__THE PROBLEM__: All of the data should be output character for character, except the pictures.

__COLLECTED DATA__:

---

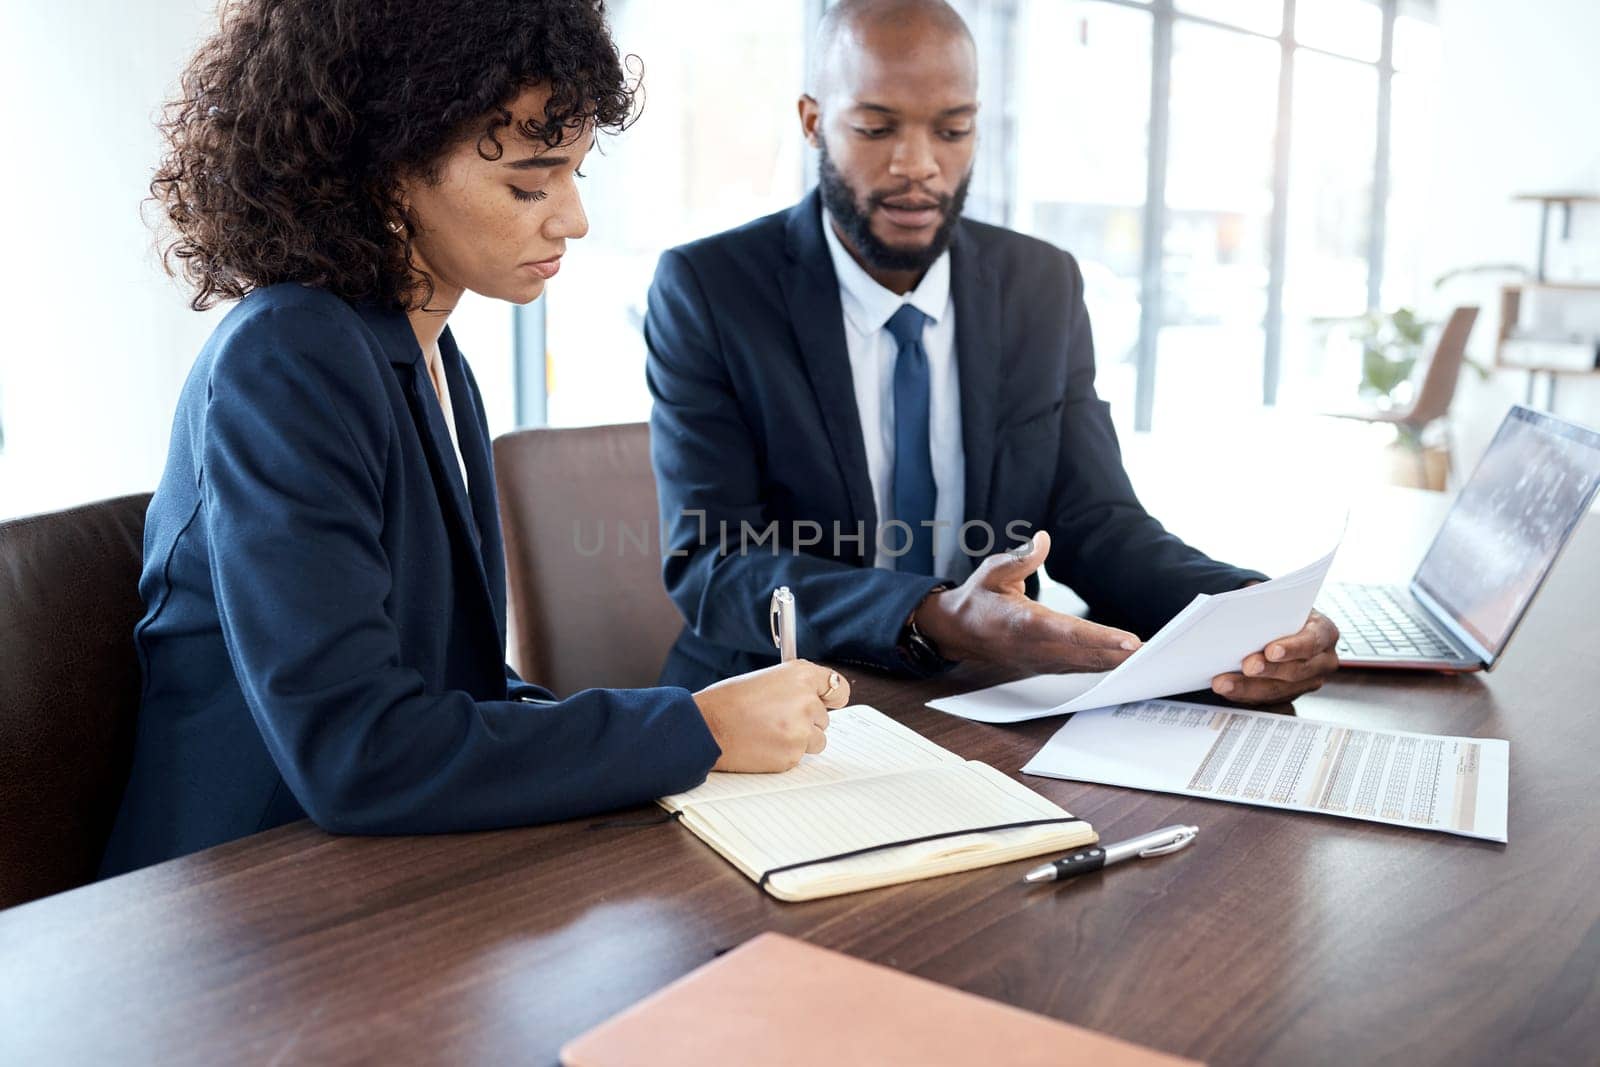 Accounting, paperwork and meeting black people for finance strategy, taxes report or budget review. Accountant, financial advisor or USA business manager with investment planning, advice or loan talk.
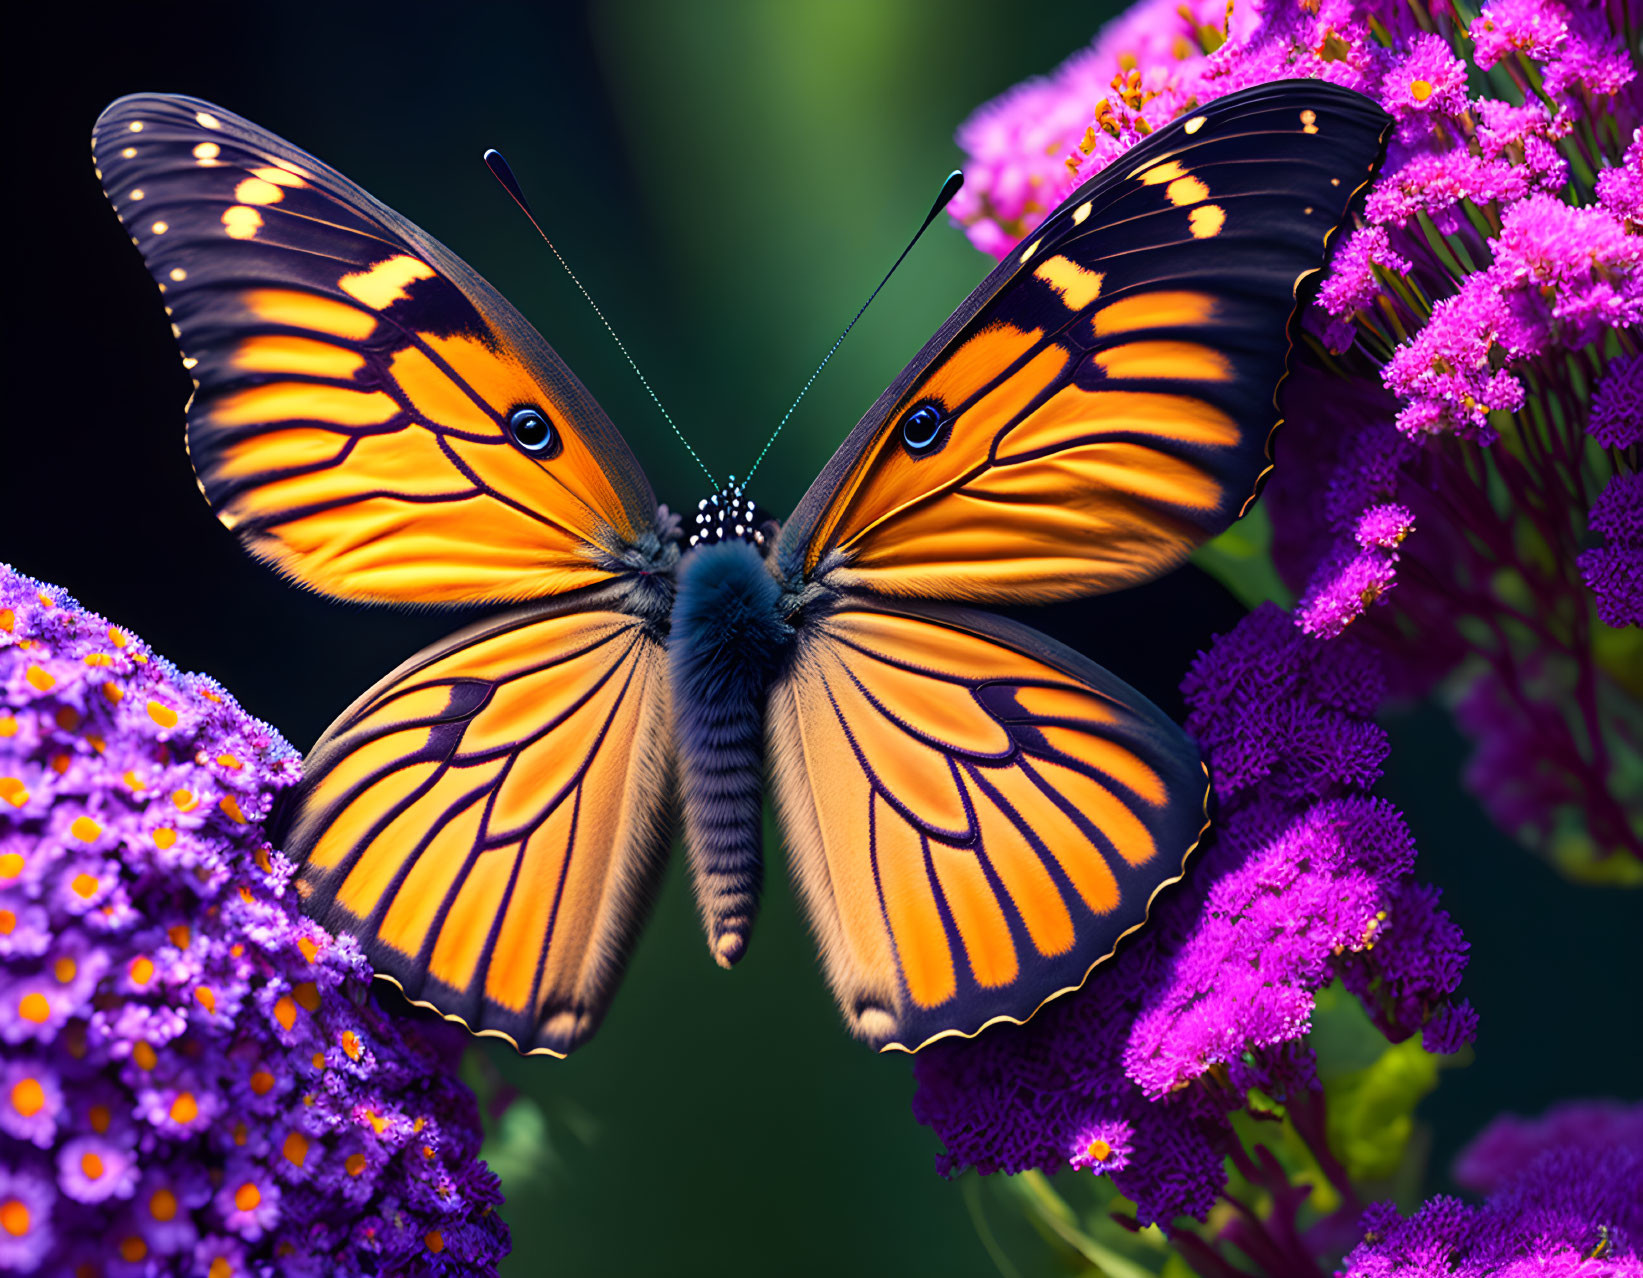 Colorful Butterfly on Purple Flowers with Green Background
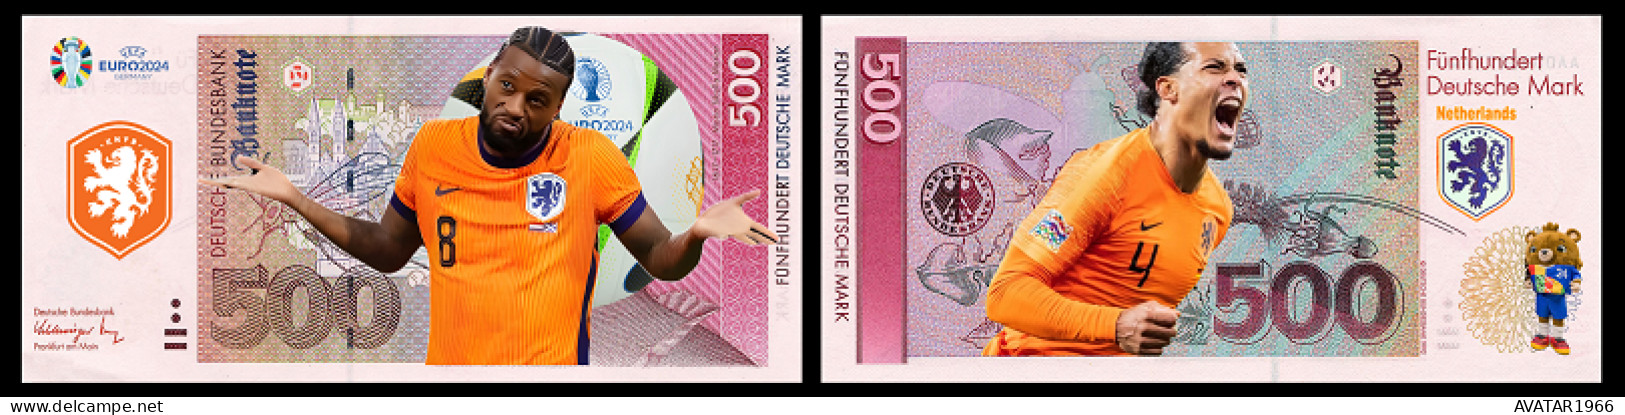 UEFA European Football Championship 2024 qualified country Netherlands 8 pieces Germany fantasy paper money
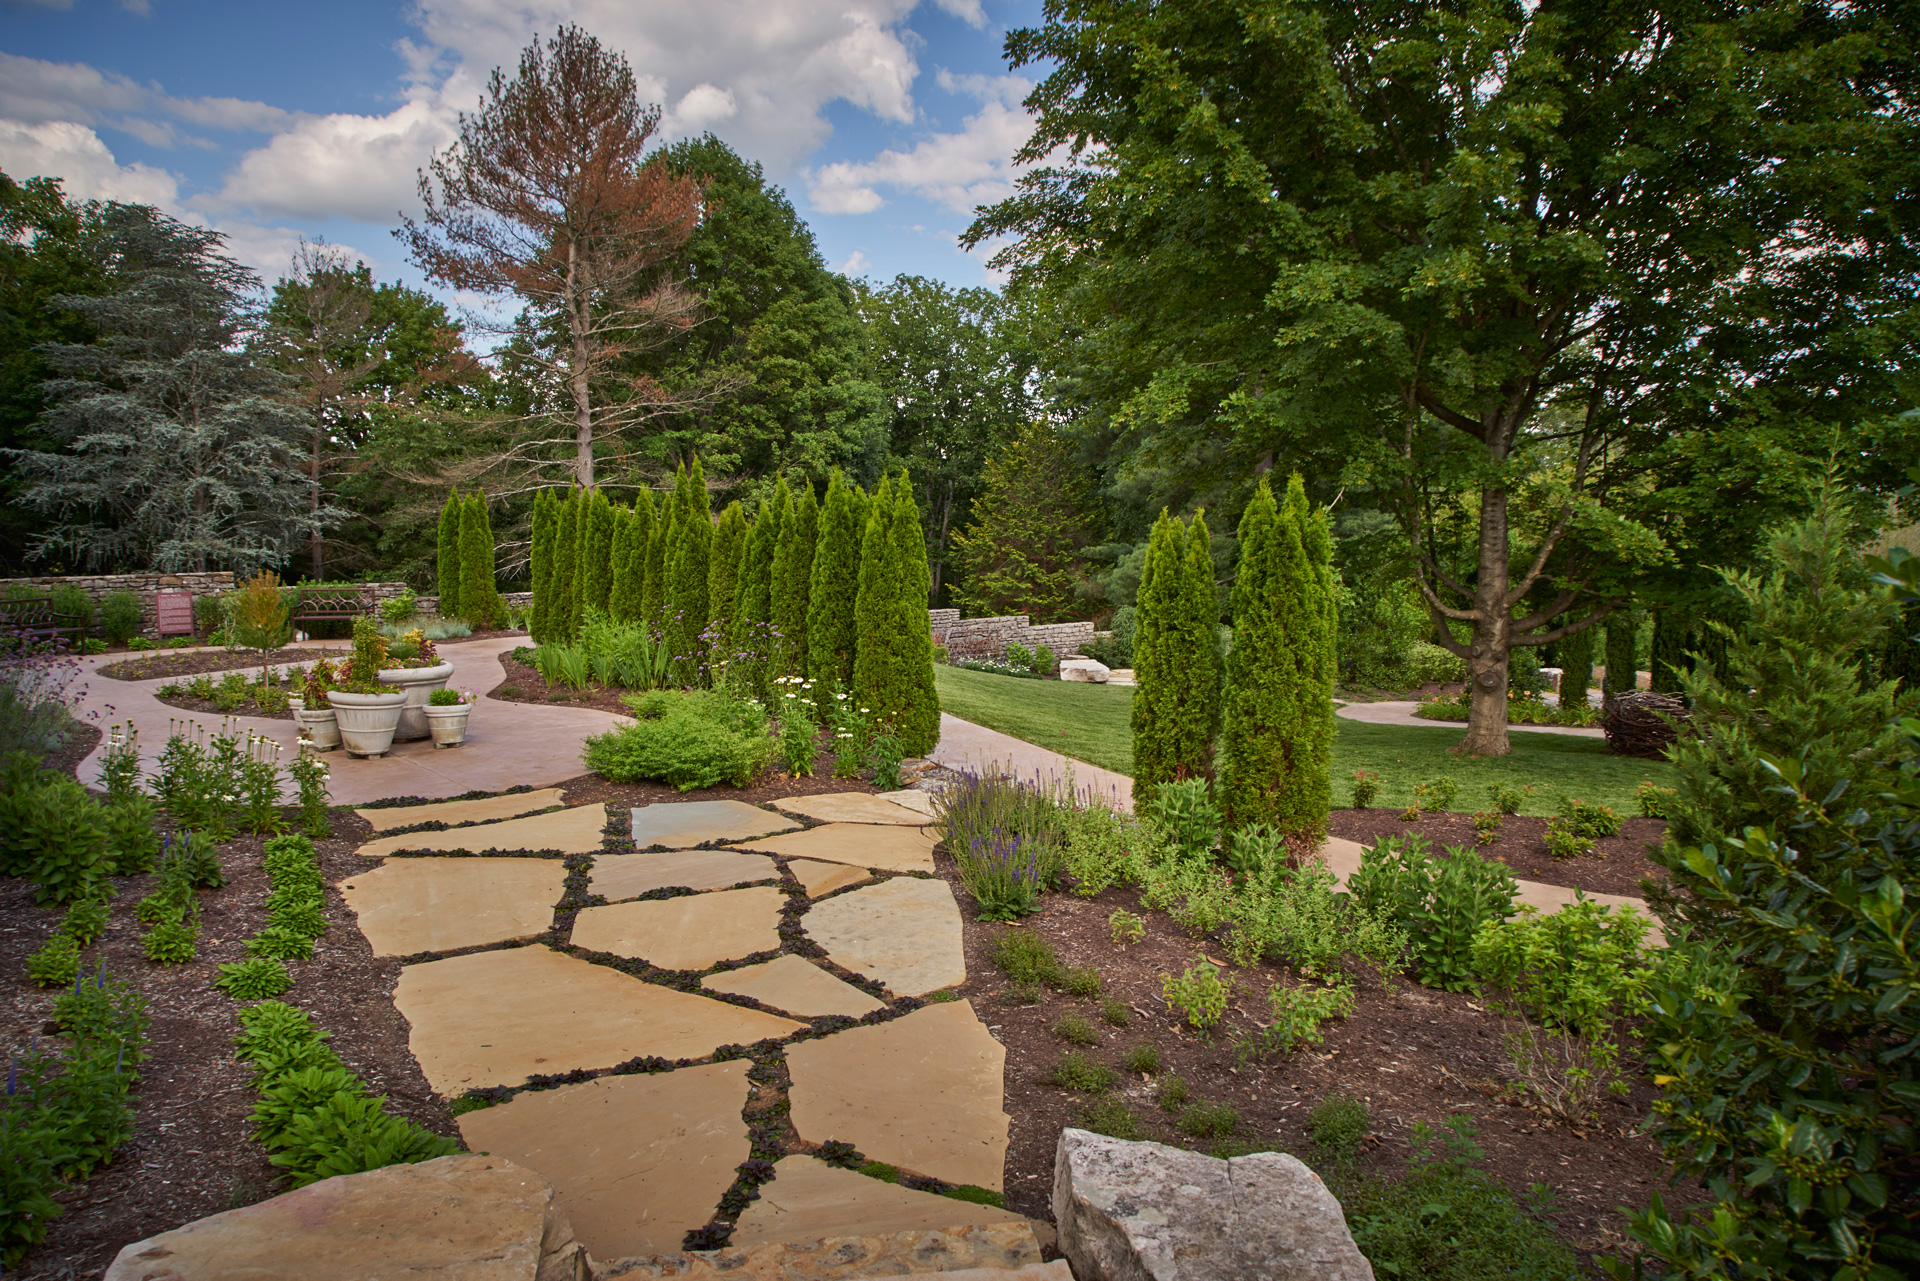 Knoxville Botanical Garden And Arboretum

---

__EXERCISE RESULT__:
 Accounting, paperwork and meeting black people for finance strategy, taxes report or budget review. Accountant, financial advisor or USA business manager with investment planning, advice or loan talk.
 Colorful Butterfly on Purple Flowers with Green Background
 UEFA European Football Championship 2024 qualified country Netherlands 8 pieces Germany fantasy paper money
 Knoxville Botanical Garden And Arboretum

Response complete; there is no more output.